**PROBLEM REQUIREMENTS**
Everything in the listing beneath must be transcribed exactly.

**SUPPLIED MATERIAL**
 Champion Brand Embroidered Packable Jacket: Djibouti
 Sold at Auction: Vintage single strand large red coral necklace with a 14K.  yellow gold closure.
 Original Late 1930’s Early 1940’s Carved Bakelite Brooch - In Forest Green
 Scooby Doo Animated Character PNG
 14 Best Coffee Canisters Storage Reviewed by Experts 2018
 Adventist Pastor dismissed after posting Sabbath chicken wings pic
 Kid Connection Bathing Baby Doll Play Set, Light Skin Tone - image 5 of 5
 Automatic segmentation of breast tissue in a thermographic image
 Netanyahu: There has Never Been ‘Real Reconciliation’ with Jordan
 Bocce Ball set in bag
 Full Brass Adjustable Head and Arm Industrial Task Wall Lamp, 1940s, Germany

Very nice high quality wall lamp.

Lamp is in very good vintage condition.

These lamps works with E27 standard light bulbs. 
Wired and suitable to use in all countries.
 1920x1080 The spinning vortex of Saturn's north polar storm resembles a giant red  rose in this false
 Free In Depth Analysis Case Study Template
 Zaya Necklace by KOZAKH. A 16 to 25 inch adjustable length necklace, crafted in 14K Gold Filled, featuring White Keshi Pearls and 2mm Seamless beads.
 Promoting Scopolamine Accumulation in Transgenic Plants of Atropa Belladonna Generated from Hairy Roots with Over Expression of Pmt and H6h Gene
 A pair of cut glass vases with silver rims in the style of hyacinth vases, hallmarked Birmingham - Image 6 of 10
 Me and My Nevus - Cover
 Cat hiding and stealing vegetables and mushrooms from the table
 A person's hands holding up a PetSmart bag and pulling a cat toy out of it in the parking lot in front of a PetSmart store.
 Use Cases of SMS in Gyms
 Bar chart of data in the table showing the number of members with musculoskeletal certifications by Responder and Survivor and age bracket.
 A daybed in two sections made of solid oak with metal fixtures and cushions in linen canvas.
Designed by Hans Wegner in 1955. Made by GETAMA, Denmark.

**OUTPUT**
 Champion Brand Embroidered Packable Jacket: Djibouti
 Sold at Auction: Vintage single strand large red coral necklace with a 14K.  yellow gold closure.
 Original Late 1930’s Early 1940’s Carved Bakelite Brooch - In Forest Green
 Scooby Doo Animated Character PNG
 14 Best Coffee Canisters Storage Reviewed by Experts 2018
 Adventist Pastor dismissed after posting Sabbath chicken wings pic
 Kid Connection Bathing Baby Doll Play Set, Light Skin Tone - image 5 of 5
 Automatic segmentation of breast tissue in a thermographic image
 Netanyahu: There has Never Been ‘Real Reconciliation’ with Jordan
 Bocce Ball set in bag
 Full Brass Adjustable Head and Arm Industrial Task Wall Lamp, 1940s, Germany

Very nice high quality wall lamp.

Lamp is in very good vintage condition.

These lamps works with E27 standard light bulbs. 
Wired and suitable to use in all countries.
 1920x1080 The spinning vortex of Saturn's north polar storm resembles a giant red  rose in this false
 Free In Depth Analysis Case Study Template
 Zaya Necklace by KOZAKH. A 16 to 25 inch adjustable length necklace, crafted in 14K Gold Filled, featuring White Keshi Pearls and 2mm Seamless beads.
 Promoting Scopolamine Accumulation in Transgenic Plants of Atropa Belladonna Generated from Hairy Roots with Over Expression of Pmt and H6h Gene
 A pair of cut glass vases with silver rims in the style of hyacinth vases, hallmarked Birmingham - Image 6 of 10
 Me and My Nevus - Cover
 Cat hiding and stealing vegetables and mushrooms from the table
 A person's hands holding up a PetSmart bag and pulling a cat toy out of it in the parking lot in front of a PetSmart store.
 Use Cases of SMS in Gyms
 Bar chart of data in the table showing the number of members with musculoskeletal certifications by Responder and Survivor and age bracket.
 A daybed in two sections made of solid oak with metal fixtures and cushions in linen canvas.
Designed by Hans Wegner in 1955. Made by GETAMA, Denmark.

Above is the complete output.